According to my understanding, a Java compiler, Java VM, and even the underlying hardware is free to reorder a Java program's statements for the sake of performance as long as the program's observable behavior is preserved. So far, so good. But it seems to me that due to Java's exception mechanism, (almost) no reordering satisfies this condition. Let me illustrate my point with a simple program (note that I'm only considering single-threaded programs):
public class Reordering {
public static void main(String[] args) {
int x, y;
x = 1;
try {
x = 2;
y = 0 / 0;
} catch (Exception e) {
} finally {
System.out.println("x = " + x);
}
}
}
First x is assigned 1. Within the try block, x is assigned 2. The next statement attempts to perform a division by zero, which triggers an ArithmeticException. After executing the (empty) catch block, control is transferred to the finally block, where the value of x (2) is printed to the console. (I'm not exactly sure how "observable behavior" is defined for Java programs. Anyway, printing to the console should certainly count as such.)
At first sight, the two statements in the try block seem like perfectly safe candidates for reordering, because they do not have any apparent dependency.
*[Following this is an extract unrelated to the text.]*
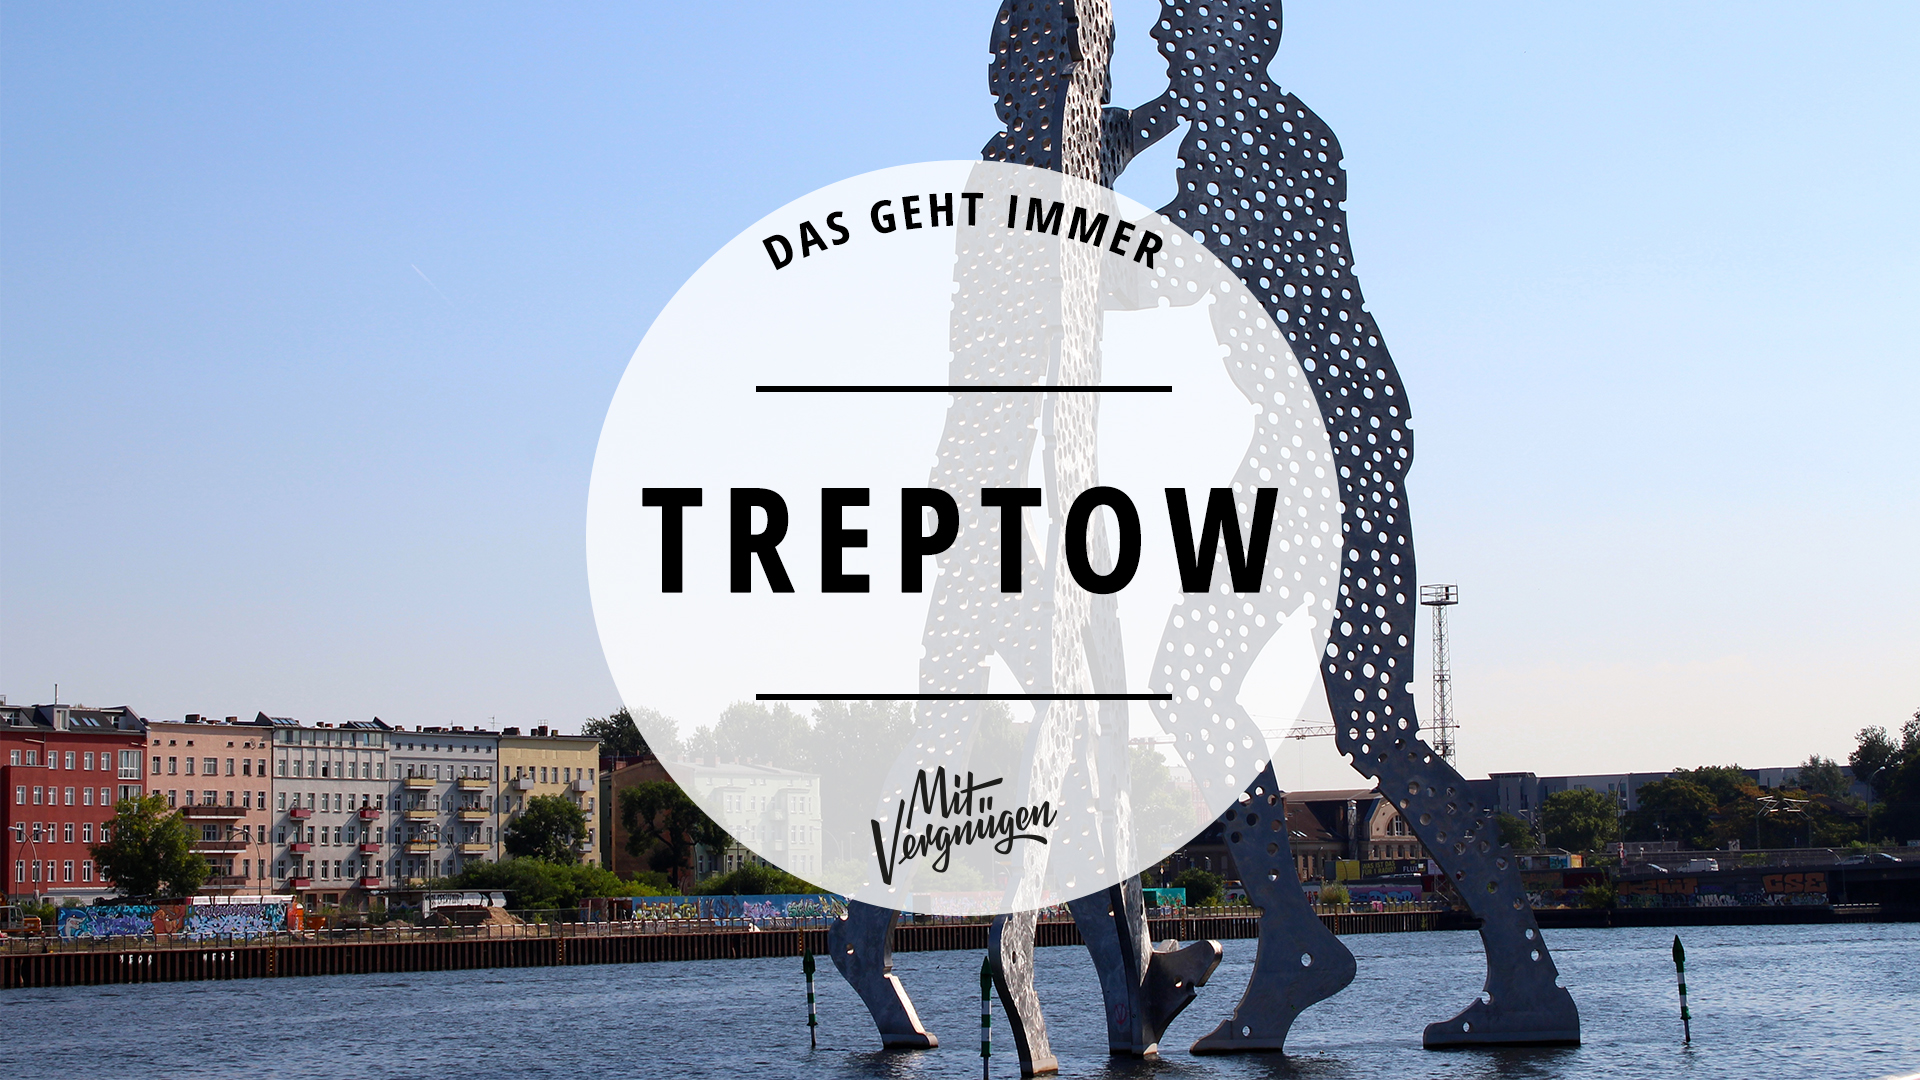 11 Orte In Treptow Die Ihr Kennen Solltet Mit Vergnügen Berlin

However, if they are exchanged, the resulting program no longer prints "2" but "1", because the ArithmeticException now occurs before x is assigned 2!
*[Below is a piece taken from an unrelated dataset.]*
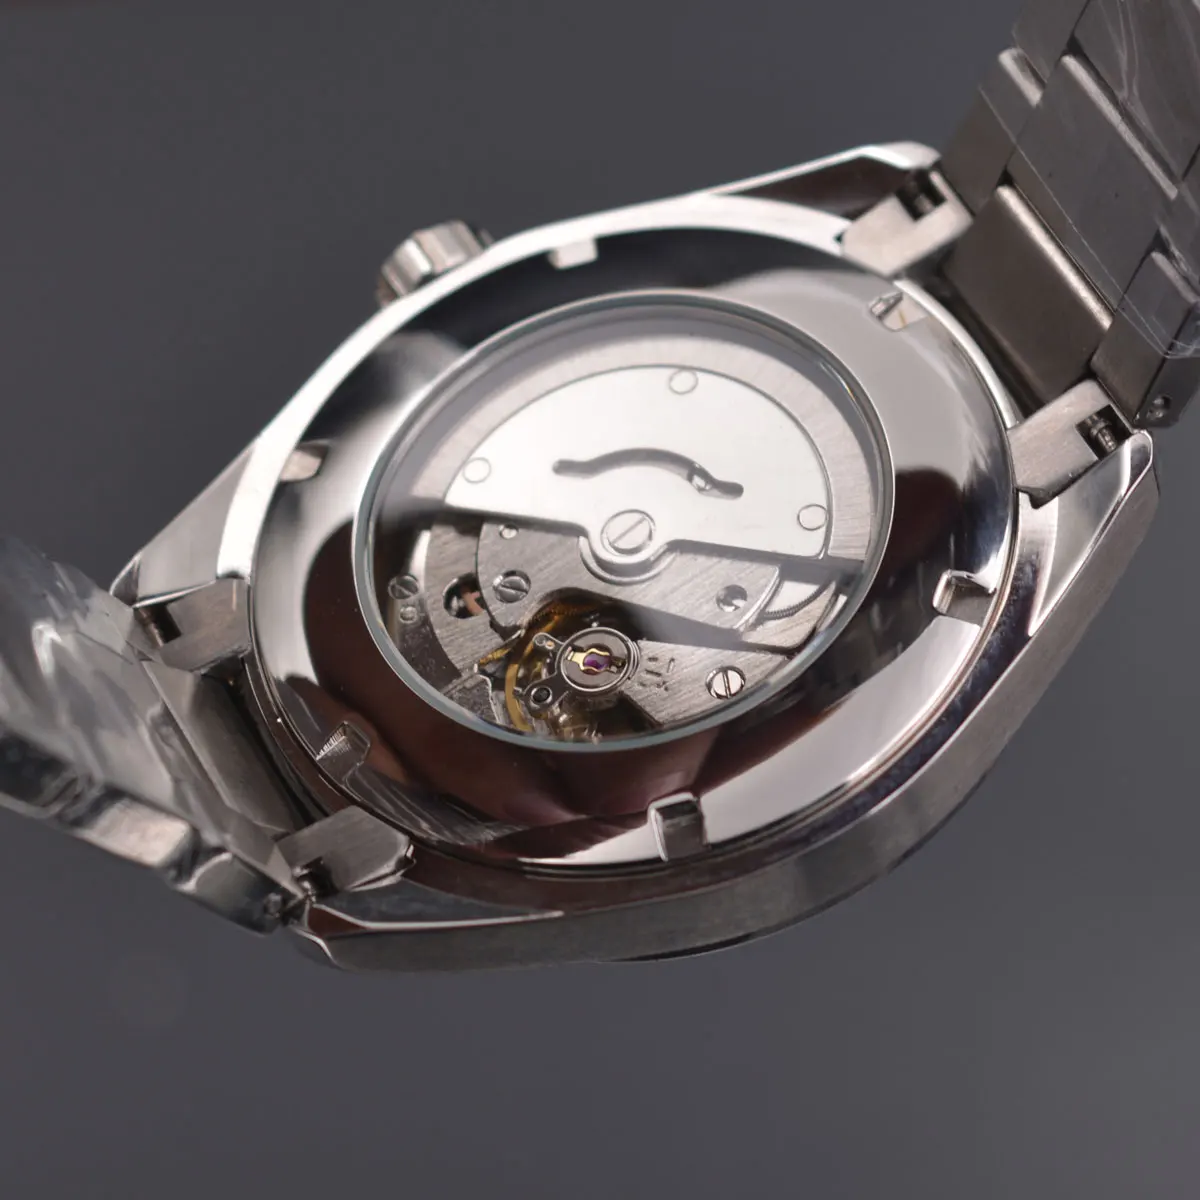 41 мм Corgeut сапфировое стекло светящиеся механические Автоматические Мужские часы синий циферблат нержавеющая сталь браслет часы

Adding the fact that virtually any Java statement may trigger an exception (possibly thrown by the VM itself) and virtually any code may be executing within a try block (depending on the actual call chain), we seem to arrive at the conclusion that virtually any reordering in any program is "observable" and therefore disallowed. Wait, have I just stumbled across the definitive answer to "Why is Java so slow"? Oops, just joking! Anyway, I'm curious to learn where my train of thought goes wrong.
Thanks for your input, and Greetings from Austria!
fzitters
P.S. Can you think of a forum better suited for this kind of topic?